■ **Exercise data**
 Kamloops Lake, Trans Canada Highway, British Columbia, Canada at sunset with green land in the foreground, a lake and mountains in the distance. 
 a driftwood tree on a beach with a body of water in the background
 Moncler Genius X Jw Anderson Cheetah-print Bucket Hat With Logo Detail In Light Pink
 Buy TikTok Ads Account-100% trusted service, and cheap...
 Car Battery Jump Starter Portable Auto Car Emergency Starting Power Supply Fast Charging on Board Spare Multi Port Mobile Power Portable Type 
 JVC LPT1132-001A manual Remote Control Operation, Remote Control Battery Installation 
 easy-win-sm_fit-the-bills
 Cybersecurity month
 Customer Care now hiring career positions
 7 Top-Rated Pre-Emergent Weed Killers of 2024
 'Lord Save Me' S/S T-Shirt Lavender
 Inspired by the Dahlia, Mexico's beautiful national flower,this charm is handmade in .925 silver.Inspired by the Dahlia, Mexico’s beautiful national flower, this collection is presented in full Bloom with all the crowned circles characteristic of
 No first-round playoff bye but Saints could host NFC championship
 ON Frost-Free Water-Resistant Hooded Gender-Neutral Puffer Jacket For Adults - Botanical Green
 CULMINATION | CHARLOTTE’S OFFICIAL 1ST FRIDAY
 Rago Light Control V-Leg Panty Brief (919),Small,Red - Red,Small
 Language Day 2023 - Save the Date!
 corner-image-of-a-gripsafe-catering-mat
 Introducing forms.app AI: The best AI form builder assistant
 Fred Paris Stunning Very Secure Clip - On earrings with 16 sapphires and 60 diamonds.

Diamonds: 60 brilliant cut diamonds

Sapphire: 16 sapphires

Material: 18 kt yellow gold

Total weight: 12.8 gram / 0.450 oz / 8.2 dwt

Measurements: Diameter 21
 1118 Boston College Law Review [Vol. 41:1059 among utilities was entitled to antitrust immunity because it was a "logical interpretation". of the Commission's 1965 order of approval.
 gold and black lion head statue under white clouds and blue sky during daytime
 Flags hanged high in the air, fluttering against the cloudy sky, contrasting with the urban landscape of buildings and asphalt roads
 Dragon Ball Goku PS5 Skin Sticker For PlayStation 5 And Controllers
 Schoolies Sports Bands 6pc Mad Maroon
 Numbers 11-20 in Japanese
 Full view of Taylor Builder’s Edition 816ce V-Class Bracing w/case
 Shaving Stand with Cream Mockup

■ **Task to complete**
Would you return all lines from the preceding listing that contain the word "Light"?

■ **Written reply**
 Moncler Genius X Jw Anderson Cheetah-print Bucket Hat With Logo Detail In Light Pink
 Rago Light Control V-Leg Panty Brief (919),Small,Red - Red,Small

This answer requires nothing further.